Vorbereitung zum Film: Doris Dörrie als Dicke
Eine gewisse Vorstellung davon, was das bedeutet, hat Doris Dörrie inzwischen auch. Die schlanke Filmemacherin hat sich zur Vorbereitung auf "Die Friseuse" einen so genannten Fatsuit unter die Kleider gezogen, der sie zur Dicken machte. Ihre Erfahrung: "Nach wenigen Stunden war ich den Tränen nahe." Verkäufer lachten sie aus, ein Kind beschimpfte sie, jeder starrte sie an. "Ich habe nachvollziehen können, welche ungeheure Kraft Kathi König jeden Tag aufbringen muss, um all dem entgegenzutreten und auch noch gut gelaunt zu sein."
"Die Friseuse" hat übrigens ein reales Vorbild. Kathleen Cieplik ist nicht ganz so dick wie ihre filmisches Pendant und wohnt auch nicht in Mahrzahn, sondern in Prenzlauer Berg.

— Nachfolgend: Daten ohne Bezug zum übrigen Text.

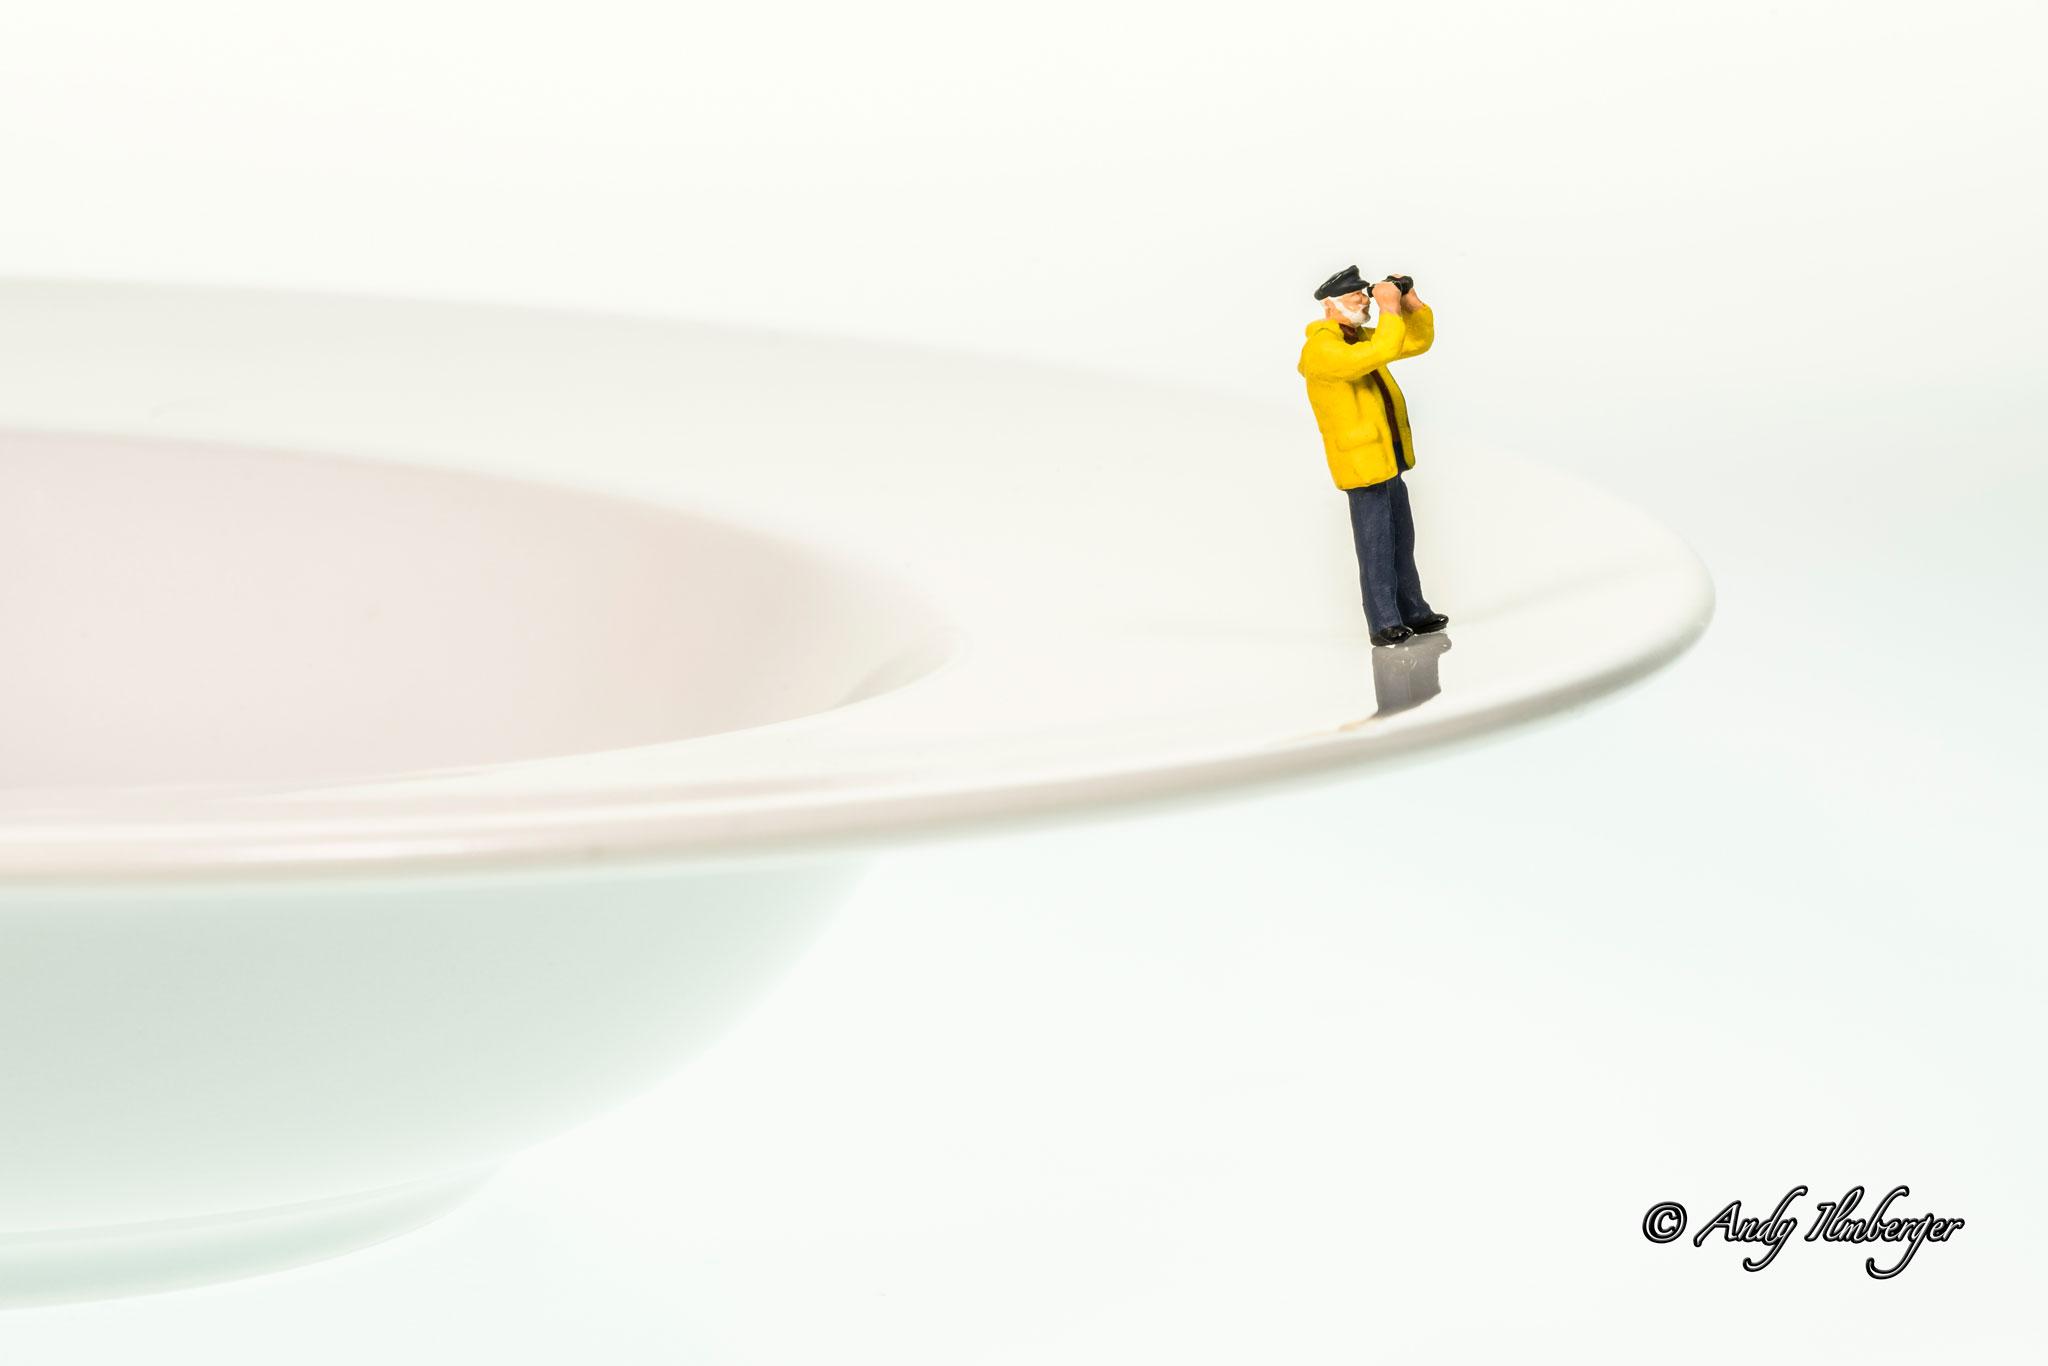 H0-Helden - Über den Tellerrand blicken - H0-Figuren in Szene gesetzt von © Andy Ilmberger im Kleine-Helden.Club

Diskriminierung hat sie aber auch erfahren und vor allem hat sie mit ihrer Fröhlichkeit und ihrer Energie Drehbuchautorin Laila Stieler (u.a. Die Polizistin, Wolke 9) imponiert. Deshalb ist "Die
Friseuse" auch nicht nur für dicke Menschen eine Aufmunterung, sondern für jeden. Denn wer ist noch nicht unfreundlich vom Bankberater begrüßt worden, beim Bewerbungsgespräch abgeblitzt oder hat
sonstige Tiefschläge wegstecken müssen. Wie man trotzdem "Hans im Glück" sein kann, verrät dieser Film.